* **Work instructions**: Any picture in the data below gets skipped; print all the rest exactly.

* **Supplied data**:
# # # # # # #

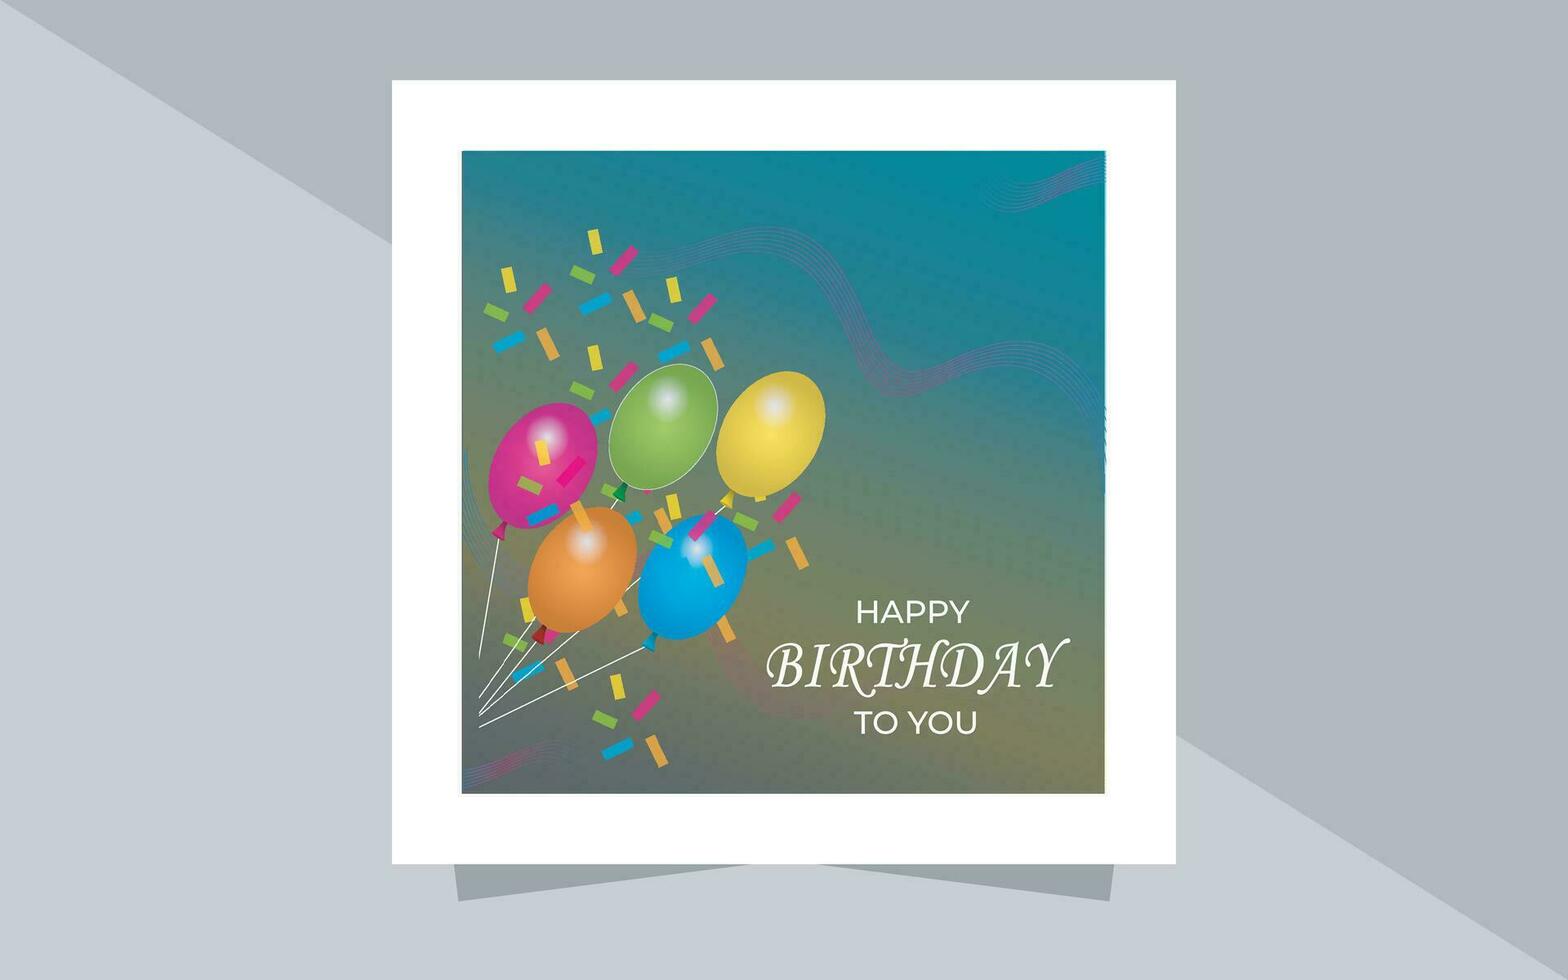 Happy birthday celebration background with realistic balloons vector
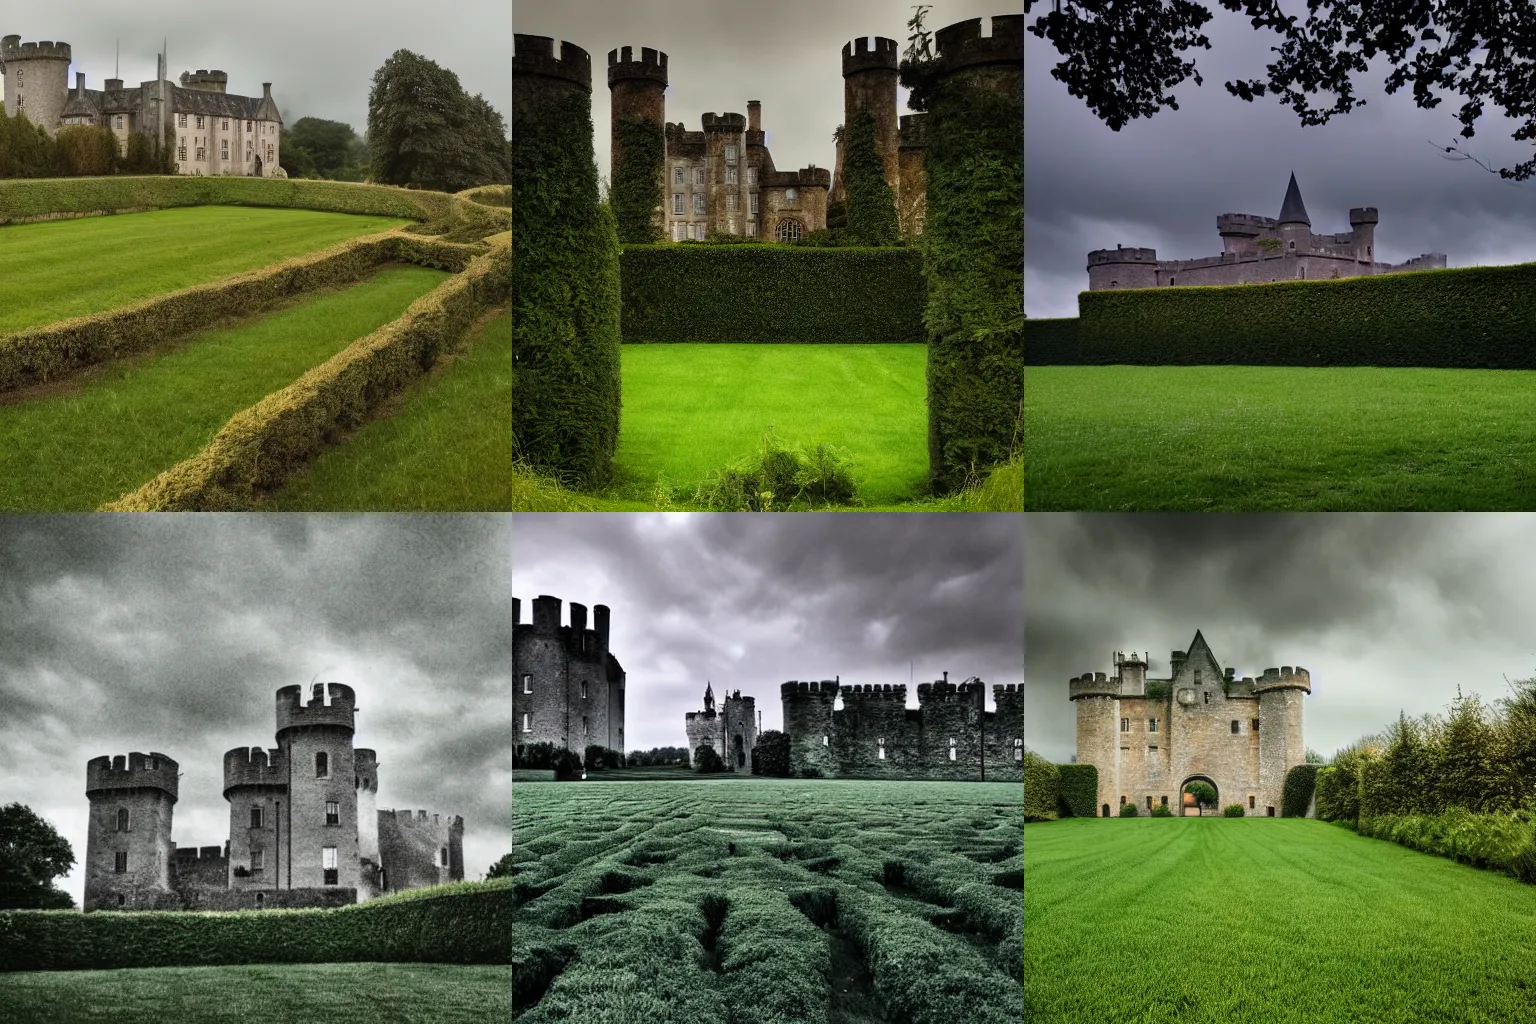 Prompt: field with 2 large hedges and a deep swimming pool between them, a castle in the background, creepy, overcast sky, haunting dream imagery
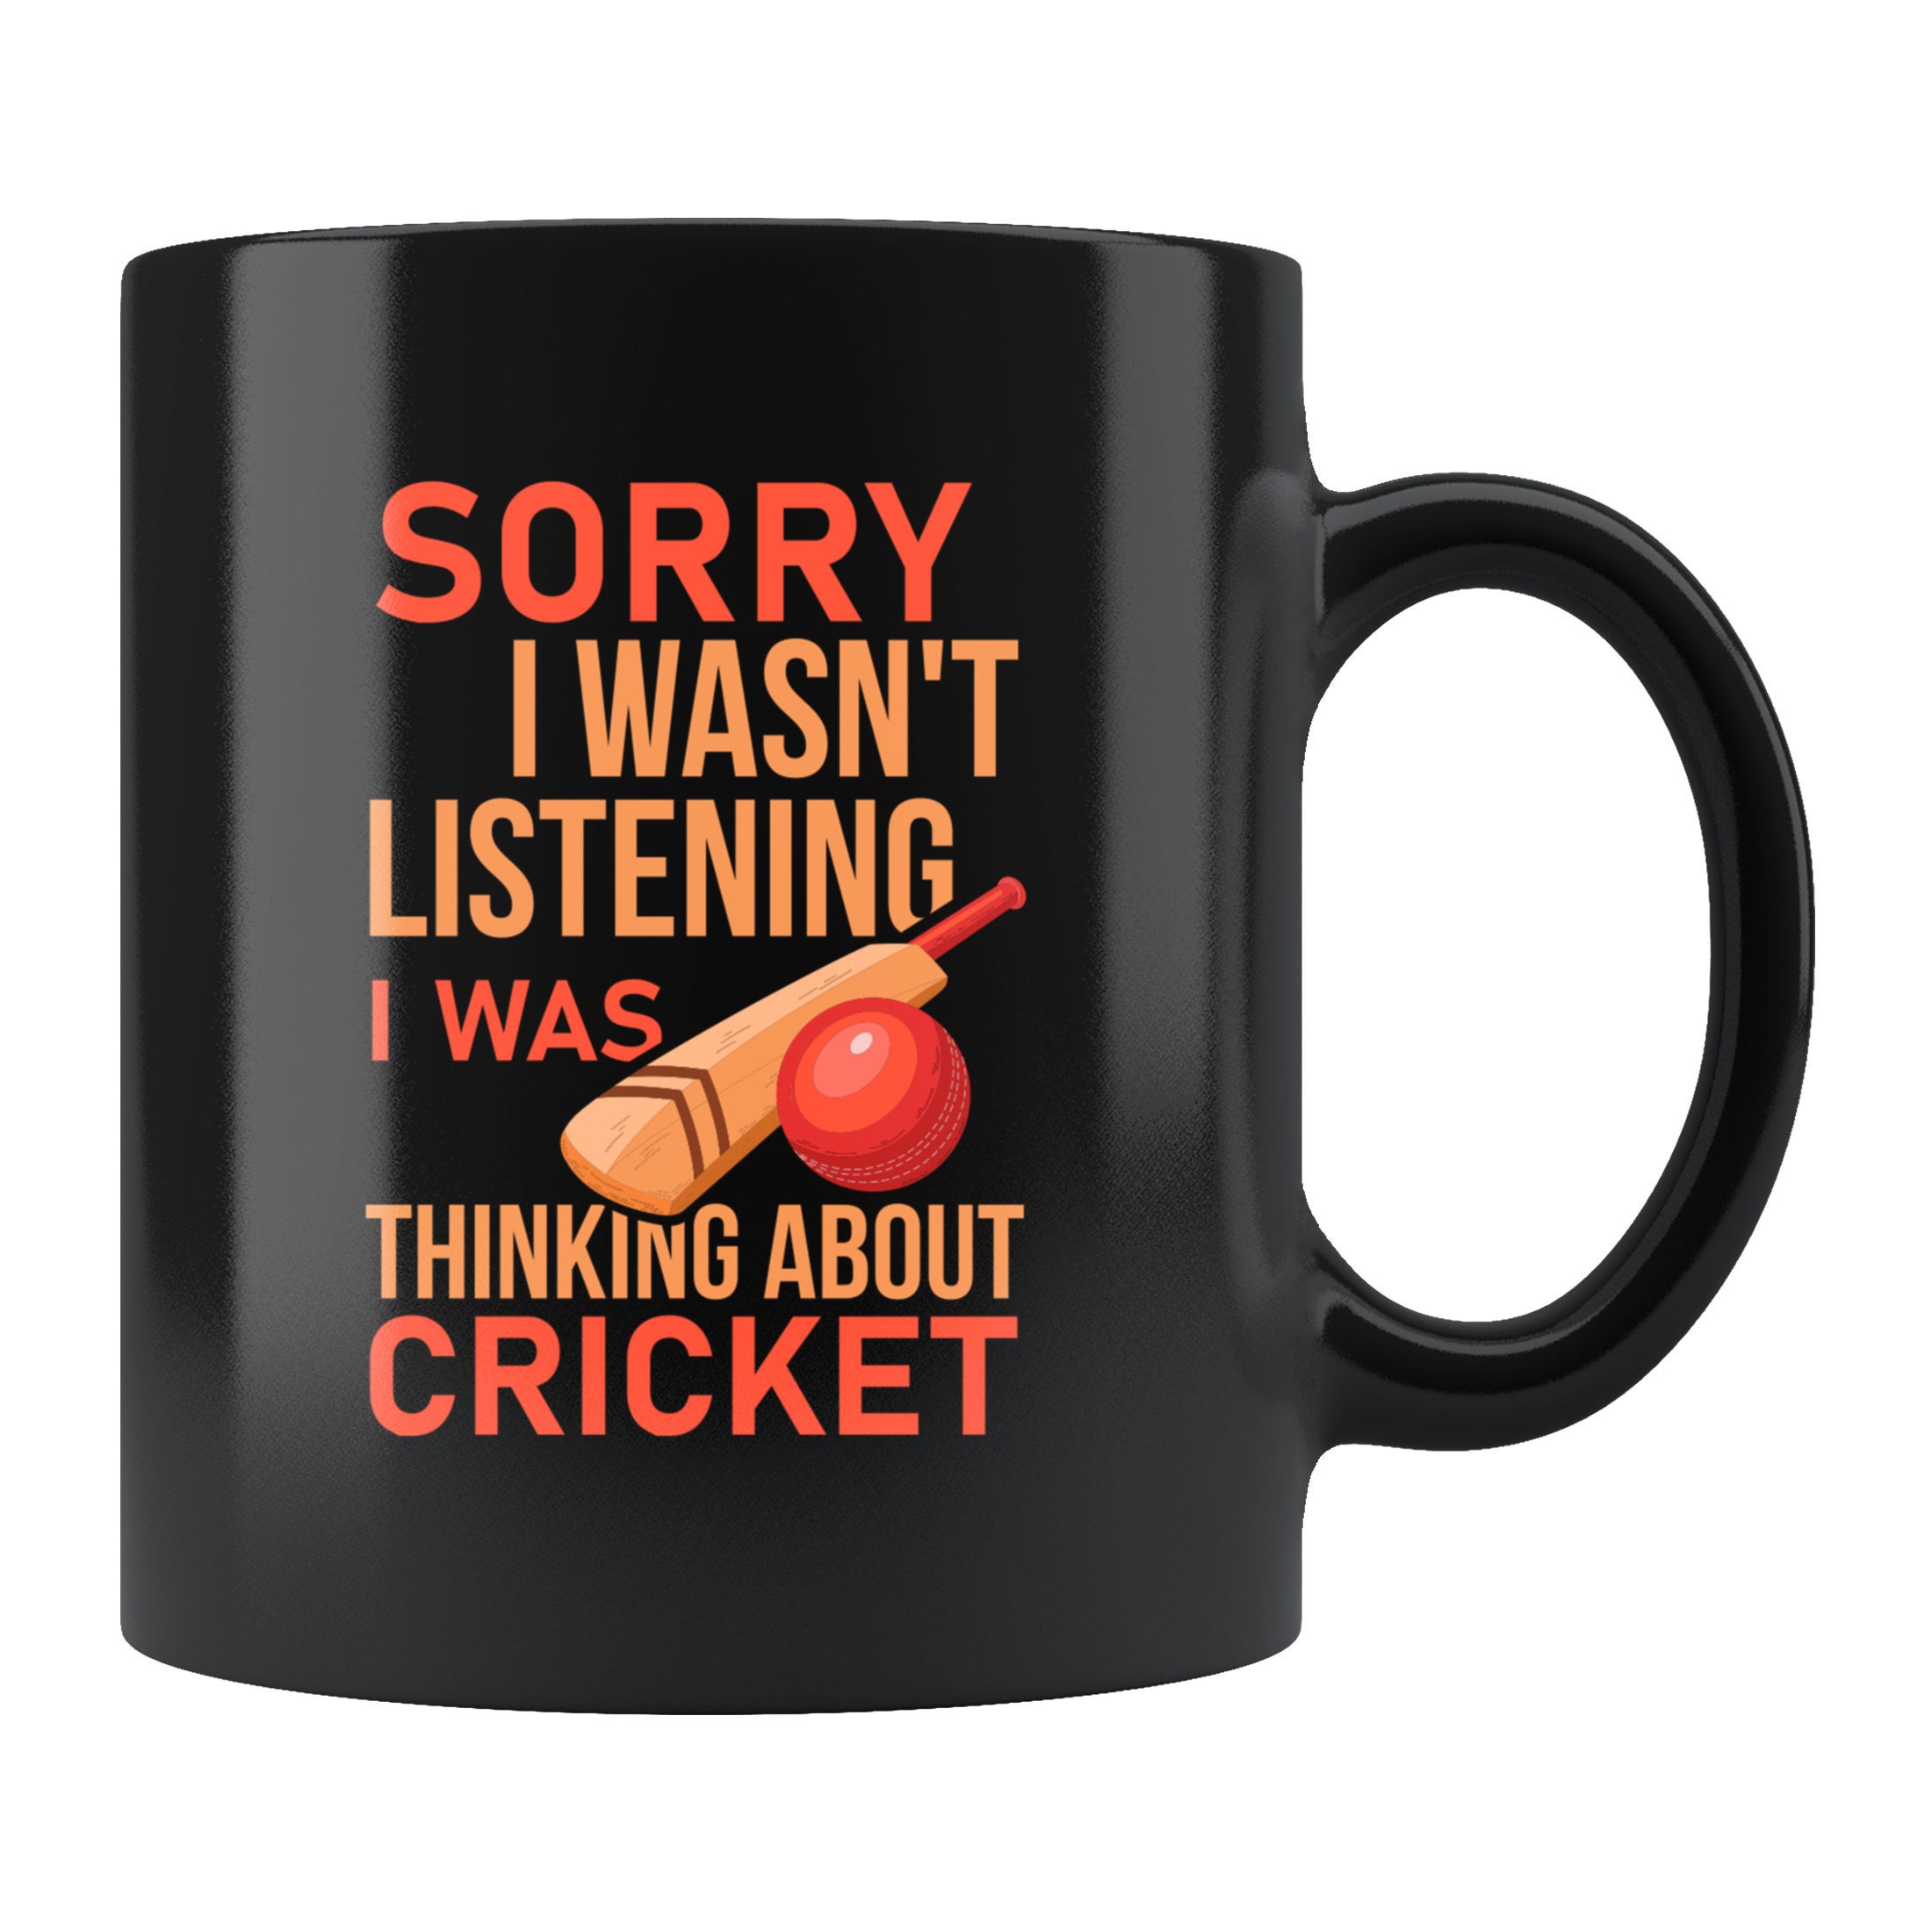 Got Someone in Your Life Who Eats, Breathes & Lives the Game of Cricket?  Here are 12 Unusual Gifts for Cricket Fans Which are Just Perfect for That  Friend of Yours! (2020)

# # # # # # #

* **Answer box**:
 Happy birthday celebration background with realistic balloons vector
 Prompt: field with 2 large hedges and a deep swimming pool between them, a castle in the background, creepy, overcast sky, haunting dream imagery
 Got Someone in Your Life Who Eats, Breathes & Lives the Game of Cricket?  Here are 12 Unusual Gifts for Cricket Fans Which are Just Perfect for That  Friend of Yours! (2020)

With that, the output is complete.